Saving titanic_survival.csv to titanic_survival.csv
User uploaded file "titanic_survival.csv" with length 108283 bytes


# 1.0 Introduction



In this mission, we'll clean and analyze data on passenger survival from the [Titanic](https://en.wikipedia.org/wiki/RMS_Titanic). Each row contains information for a specific Titanic passenger.
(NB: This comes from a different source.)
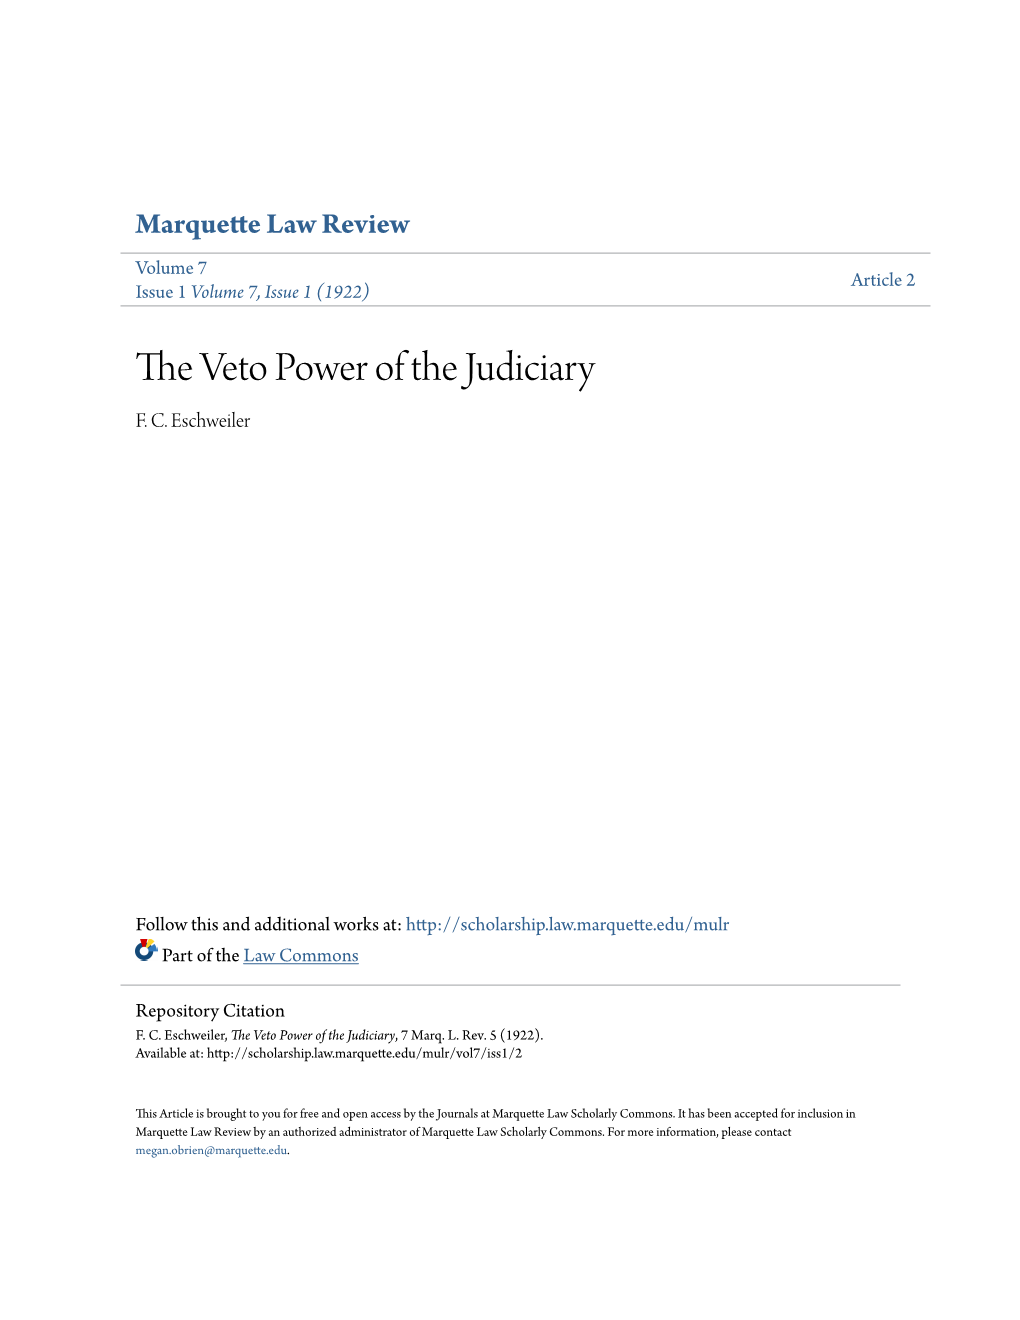 The Veto Power of the Judiciary, 7 Marq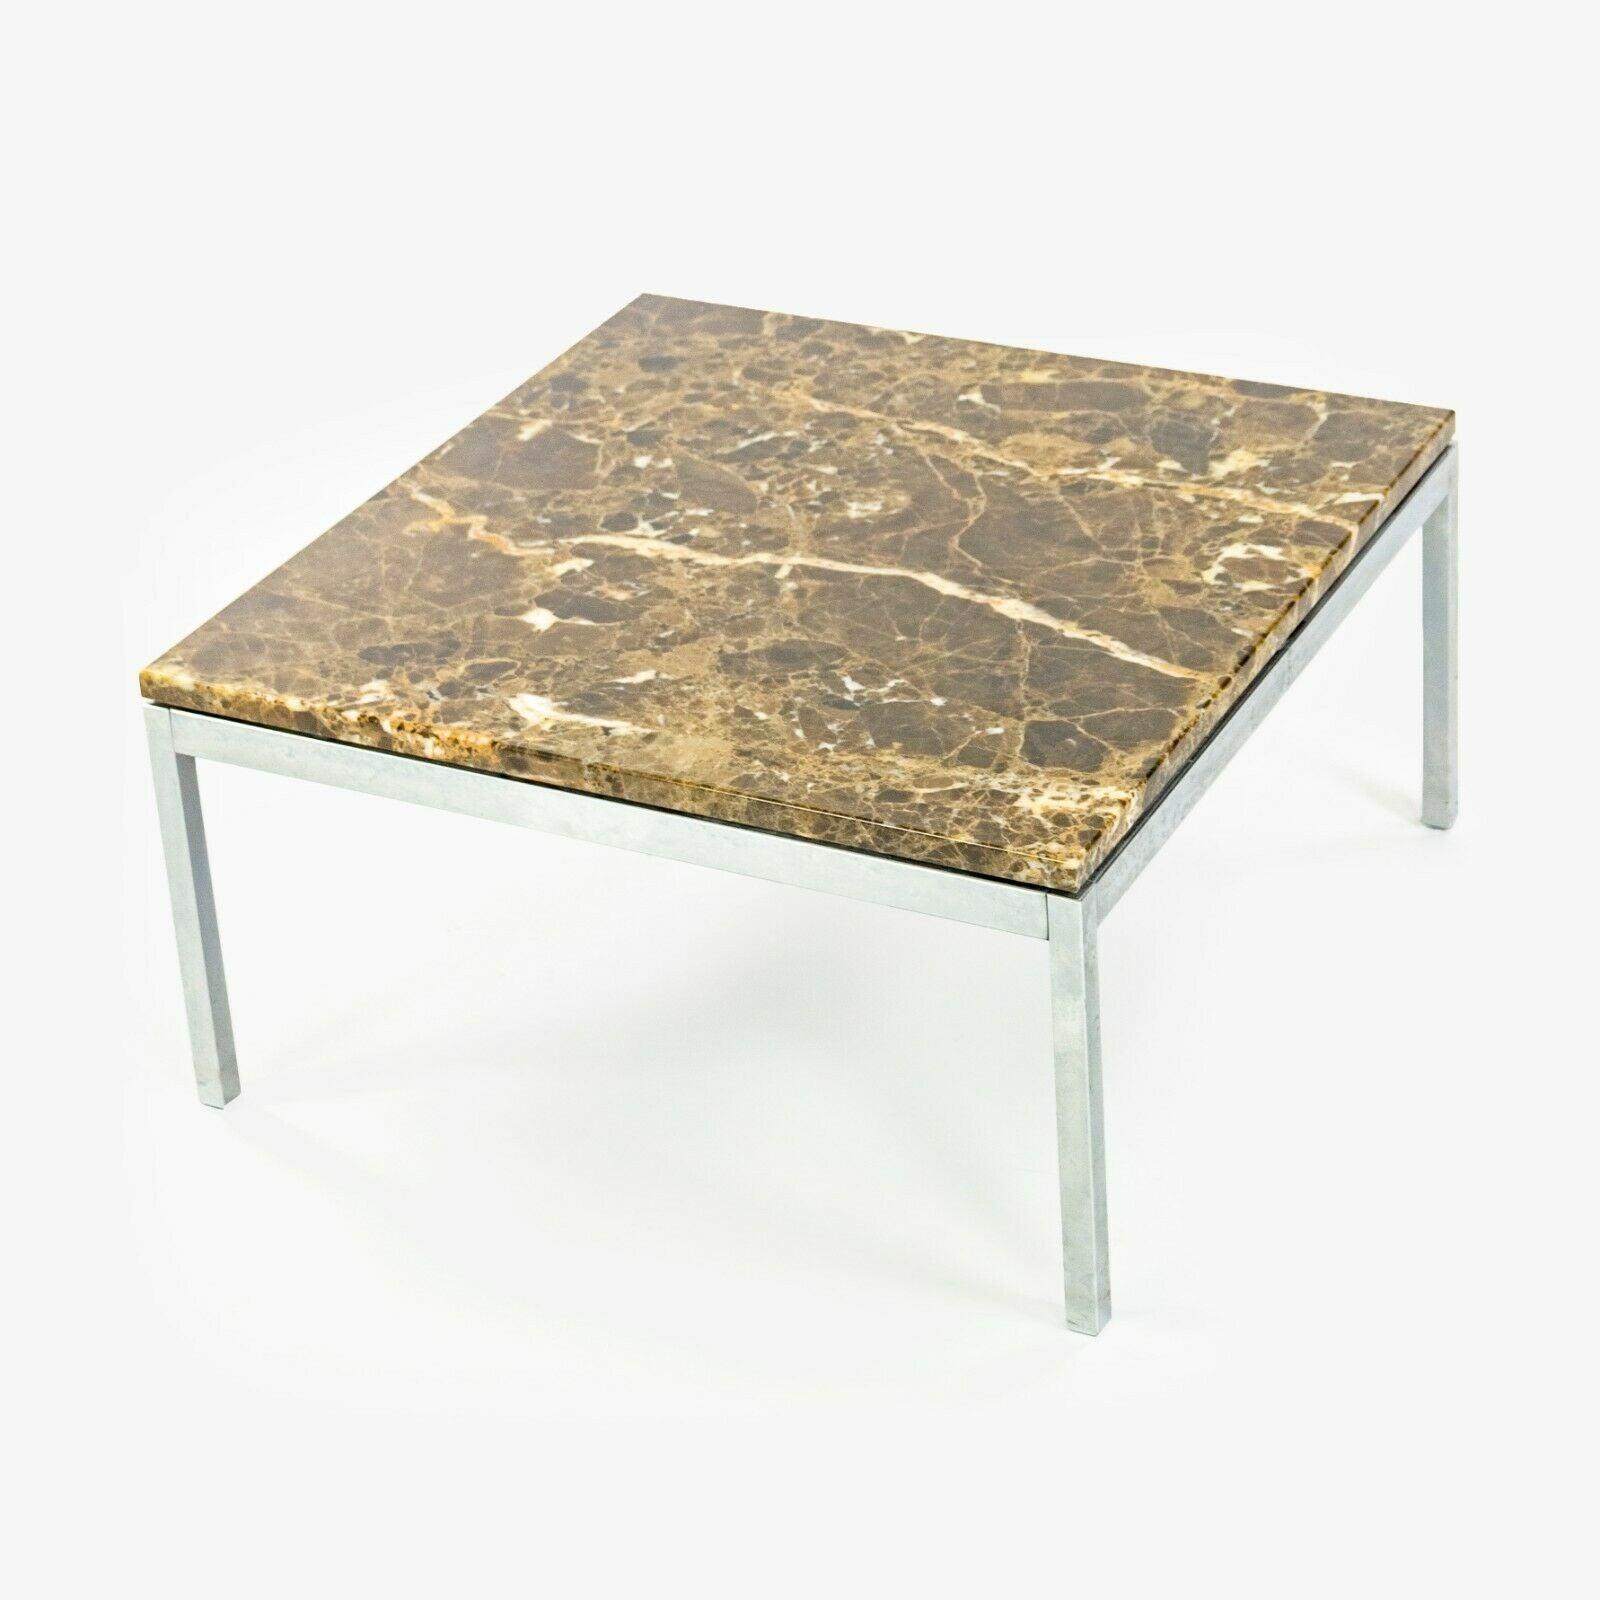 Listed for sale is a Florence Knoll for Knoll Studio 23.5 x 23.5 x 12 inch low coffee table / end table. Ce modèle possède un magnifique plateau en marbre espresso et une base en très bon état. La pièce présente très peu d'usure et le dessus est

Here are the first few rows of the dataset:

|  | pclass | survived | name                                            | sex    | age     | sibsp | parch | ticket | fare     | cabin   | embarked | boat | body | home.dest                       |
|---|--------|----------|-------------------------------------------------|--------|---------|-------|-------|--------|----------|---------|----------|------|------|---------------------------------|
| 0 | 1      | 1        | Allen, Miss. Elisabeth Walton                   | female | 29.0000 | 0     | 0     | 24160  | 211.3375 | B5      | S        | 2    |      | St Louis, MO                    |
| 1 | 1      | 1        | Allison, Master. Hudson Trevor                  | male   | 0.9167  | 1     | 2     | 113781 | 151.5500 | C22 C26 | S        | 11   |      | Montreal, PQ / Chesterville, ON |
| 2 | 1      | 0        | Allison, Miss. Helen Loraine                    | female | 2       | 1     | 2     | 113781 | 151.5500 | C22 C26 | S        |      |      | Montreal, PQ / Chesterville, ON |
| 3 | 1      | 0        | Allison, Mr. Hudson Joshua Creighton            | male   | 30.0000 | 1     | 2     | 113781 | 151.5500 | C22 C26 | S        |      | 135  | Montreal, PQ / Chesterville, ON |
| 4 | 1      | 0        | Allison, Mrs. Hudson J C (Bessie Waldo Daniels) | female | 25      | 1     | 2     | 113781 | 151.5500 | C22 C26 | S        |      |      | Montreal, PQ / Chesterville,    |


Lets take a closer look at a few of the key columns:

- **pclass** -- The passenger's cabin class from **1** to **3** where **1** was the highest class
- **survived** -- **1** if the passenger survived, and **0** if they did not.
- **sex** -- The passenger's gender
- **age** -- The passenger's age
- **fare** -- The amount the passenger paid for their ticket
- **embarked** -- Either **C**, **Q**, or **S**, to indicate which port the passenger boarded the ship from.


Many of the columns, such as **sex** and **age**, have missing values.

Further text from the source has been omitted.